Example: after canonicalizing the <append=true>//home/user/table[#10:#20]
path, you get the following YSON structure:
<
append = true;
ranges = [
{
lower_limit = {row_index = 10};
upper_limit = {row_index = 20}
}
]
>
"//home/user/table"
Internally, the YTsaurus system prefers to work with the canonical form of paths. Canonical form is larger, so the system allows to use the more convenient form with a prefix and suffix in the input paths:
<append=true>//home/user/table[#10:#20]
Prefix: <append=true>
.
Suffix: [#10:#20]
.
This will be converted to a more verbose string inside the system:
ranges = [
{
lower_limit = {row_index = 10};
upper_limit = {row_index = 20}
}
]
The parse_ypath
driver command canonicalizes a rich YPath.
Supported attributes
Rich YPath can be annotated with arbitrary attributes, allowing for expansion. The table contains a list of attributes recognized by the system.
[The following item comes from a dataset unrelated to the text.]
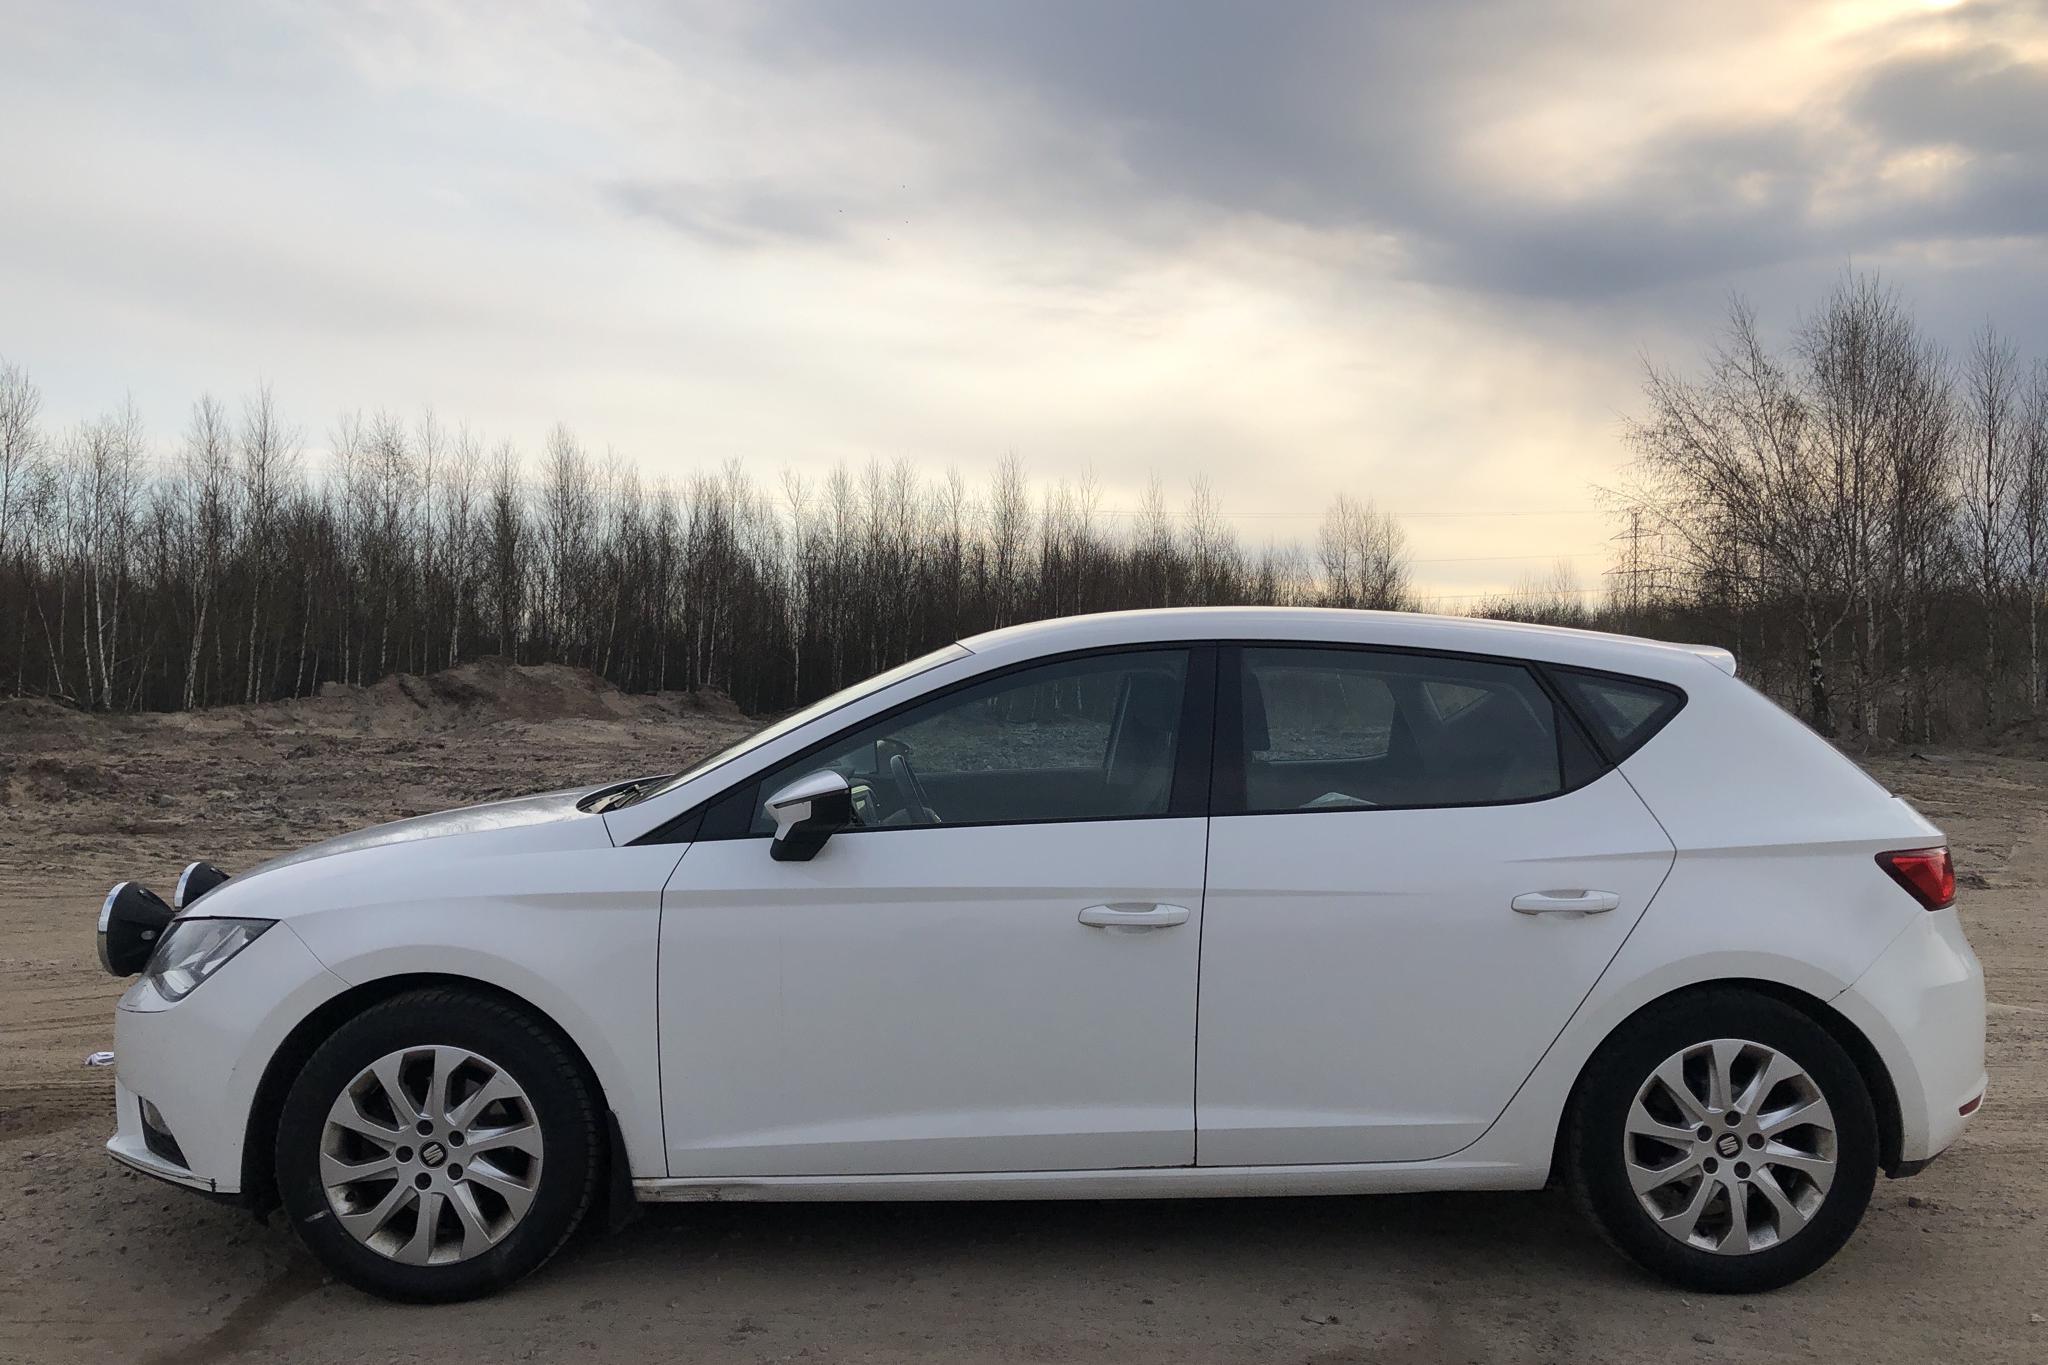 Seat Leon 1.4 TGI 5dr (110hk) - 181 170 km - Manual - white - 2016

Attribute | Type | Description |
---|---|---|
append |
bool |
Recognized by the data write commands (write_table and write_file ) and means that new data is added to the end of the existing data, but does not overwrite it. It is also recognized on the output paths of tables in the specifications of all scheduler operations and has similar semantics. |
sorted_by |
array<string> |
Recognized by the table data write command (write_table ). By specifying this attribute, the user promises that the written data is ordered by the specified set of columns. The system checks this property. The keys must go in non-descending order. When new data is being written, it is also checked that the first key to be written is no smaller than the last existing one. The attribute is also recognized by the system on the output paths of tables in the specifications of all scheduler operations and has similar semantics. In the latter case, it is also additionally required that the ranges of keys generated by different jobs have no intersections on the inner point. Intersections on the boundaries are allowed. |
ranges |
array<ReadRange> |
Recognized by the data read commands (read_table and read_file ) and specifies a list of ranges for reading. If it is missing, the entire dataset is read. It is also recognized on the input paths of tables in the specifications of all scheduler operations. A description of the ReadRange dict structure is given in the table below. |
columns |
array<string> |
Recognized by the table data read command (read_table ) and specifies a list of names of readable columns. If it is missing, all columns are read. It is also recognized on the input paths of tables in the specifications of all scheduler operations. |
optimize_for |
string |
Sets the storage format for the created table. The attribute can be specified with the write_table command and on the output paths of operations. This attribute is not compatible with <append=true> . |
compression_codec |
string |
Sets the compression format for the created table. The attribute can be specified with the write_file and write_table commands and on the output paths of operations. This attribute is not compatible with <append=true> . |
erasure_codec |
string |
Enables erasure coding for the created table. The attribute can be specified with the write_file and write_table commands and on the output paths of operations. This attribute is not compatible with <append=true> . |
schema |
yson-list with a valid schema |
Validates data with respect to the specified schema and places this schema on the table at the end of the operation. The attribute can be specified with the write_table command and on the output paths of operations. This attribute is not compatible with <append=true> . |
transaction_id |
string of the id form |
Specifies to the scheduler under which transaction the input table should be accessed if this attribute is specified on it. |
rename_columns |
yson-map |
Recognized on the input paths of tables. Renames the column names according to the mapping before feeding the table to the input of the operation. This attribute is not compatible with teleport tables. |
The ranges
attribute specifies which ranges of table rows should be read. The specified ranges will be read sequentially, in the order in which they are specified in the attribute. If the ranges overlap, the output will be repeated.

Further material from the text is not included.